REPUBLIKA.CO.ID, JAKARTA -- Ketua Komisi Pemilihan Umum (KPU) RI Arief Budiman meminta tidak ada penyimpulan masyarakat saat ini sudah tidak percaya kepada institusinya sebagai penyelenggara pemilu pascaoperasi tangkap tangan (OTT) Komisi Pemberantasan Korupsi (KPK) terhadap Komisioner KPU Wahyu Setiawan. Wahyu saat ini sudah berstatus tersangka dan ditahan oleh KPK.
"Jangan menyimpulkan orang tidak percaya dengan KPU, kami konsisten dengan kebijakan yang dikeluarkan," kata Arief, usai menghadiri Rapat Dengar Pendapat (RDP) Komisi II DPR, di Kompleks Parlemen, Jakarta, Selasa (14/1).
Menurut dia, masyarakat pasti bertanya mengapa sampai terjadi peristiwa OTT terhadap Wahyu. Namun, tren hasil lembaga survei, tingkat kepercayaan masyarakat terhadap KPU cukup tinggi.
Dia mengatakan, kasus OTT Wahyu pasti ada pengaruhnya terhadap tingkat kepercayaan masyarakat kepada KPU RI. Namun, jangan menyimpulkan orang saat ini tidak percaya terhadap KPU.
"Peristiwa ini sangat memukul kami, KPU harus menjadikan ini pelajaran berharga untuk KPU RI, provinsi, dan kabupaten/kota. Saya selalu ingatkan terus agar mereka waspada dan menjaga integritasnya, lalu bekerja mengikuti peraturan perundang-undangan yang berlaku," ujarnya.
Komisioner KPU Wahyu Setiawan memakai rompi oranye usai menjalani pemeriksaan di Gedung KPK, Jakarta, Jumat (10/1).
Arief mengatakan, selama ini KPU sudah menjalankan proses sesuai prosedur yang dimiliki institusinya dan pengambilan keputusan diambil dalam rapat pleno dengan jumlahnya harus kuorum. Dia menjelaskan, semua komisioner menyatakan pendapat dalam rapat lalu diambil kebijakan, sehingga jelas tujuh komisioner pendapatnya apa dalam mengambil kebijakan.

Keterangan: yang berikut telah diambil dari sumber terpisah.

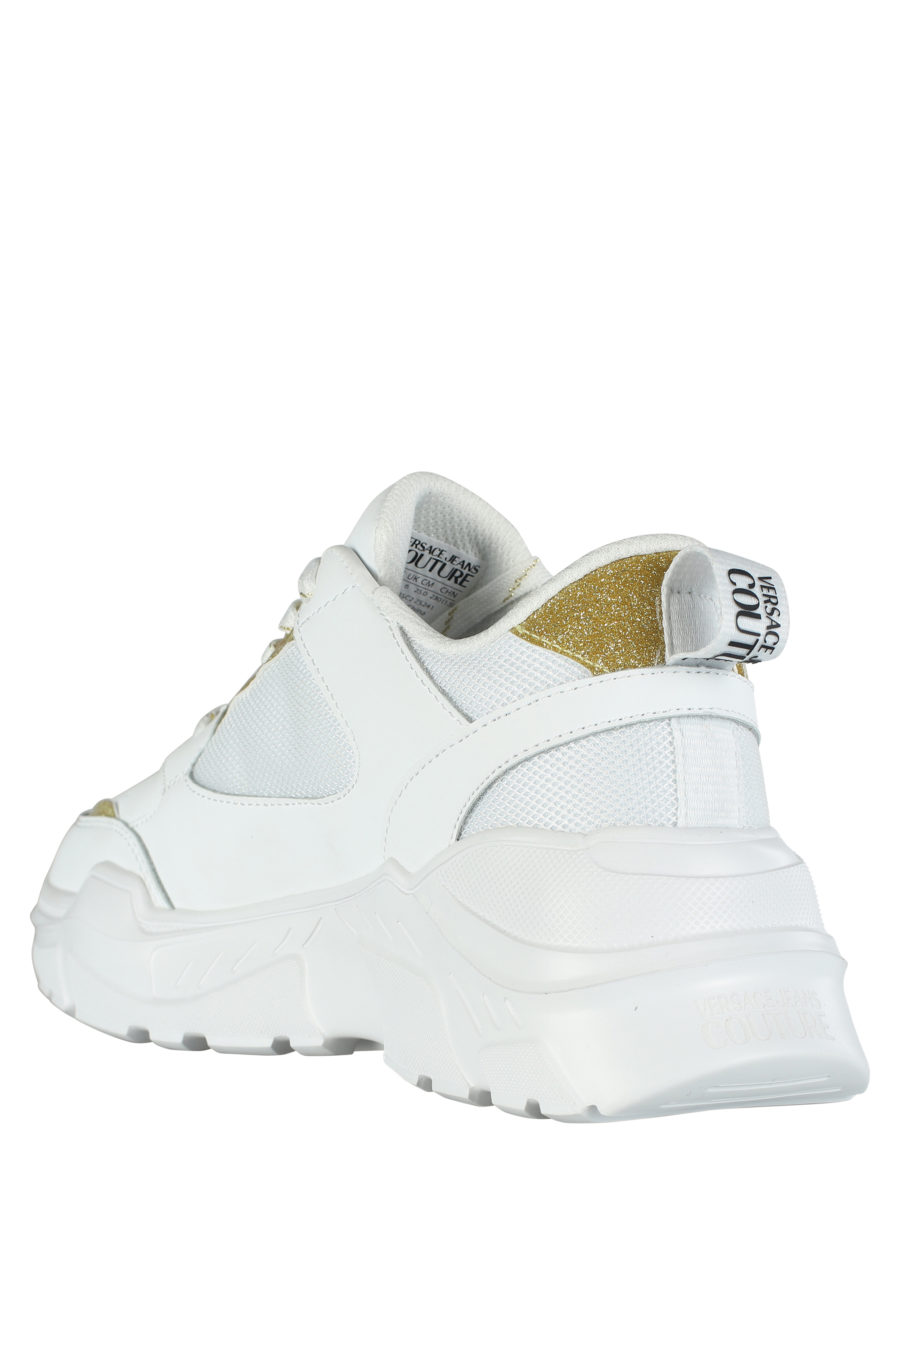 Zapatillas blancas con detalles dorado "glitter" - IMG 5283

"Saya pikir itu sudah saya sampaikan ke teman-teman media, siapa saja yang ikut mengambil keputusan dan bagaimana cara kami mengambil keputusan, dan keputusannya apa. Keputusan itu yang menjadi keputusan institusi, kan sudah jelas keputusan itu seperti apa," katanya lagi.
Arief mengatakan, KPU menjalankan tugasnya sesuai UU Nomor 7 Tahun 2017 tentang Pemilu, khususnya terkait mekanisme PAW anggota DPR RI. Sehingga, tidak menggunakan dalil Mahkamah Agung (MA).
Dalam kasus ini, KPK menetapkan Komisioner Komisi Pemilihan Umum (KPU) Wahyu Setiawan sebagai tersangka penerimaan suap terkait pergantian antar waktu (PAW) anggota DPR RI periode 2019-2024. KPK juga turut menetapkan mantan anggota Bawaslu Agustiani Tio Fridelina, caleg DPR dari PDIP, Harun Masiku (buron) serta seorang swasta bernama Saeful.
KPK menduga Wahyu bersama Agustiani Tio Fridelina diduga menerima suap dari Harun dan Saeful. Suap dengan total sebesar Rp 900 juta itu diduga diberikan kepada Wahyu agar Harun dapat ditetapkan oleh KPU sebagai anggota DPR RI menggantikan caleg terpilih dari PDIP atas nama Nazarudin Kiemas yang meninggal dunia pada Maret 2019 lalu.
Dengan mengenakan rompi tahanan KPK, Wahyu Setiawan mengundurkan diri jabatannya seusai ditetapkan tersangka oleh KPK. Hal tersebut ia sampaikan dalan sebuah surat yang ia berikan seusai pemeriksaan yang dilakukan penyidik KPK pada Jumat (10/1) dini hari.
"Dengan saya telah ditetapkan sebagai tersangka, dalam waktu segera saya akan mengundurkan diri sebagai anggota KPU," kata Wahyu dalam surat tersebut.
"Kejadian ini murni masalah pribadi saya dan saya menghormati proses hukum yang sedang dilakukan oleh KPK," katanya.
Wahyu juga meminta maaf kepada ketua, sekjen, dan anggota KPU atas tindakannya menerima suap. Wahyu juga meminta maaf kepada jajaran KPU di seluruh Indonesia.
"Mohon doa semoga saya diberi kesehatan dan kesabaran," katanya.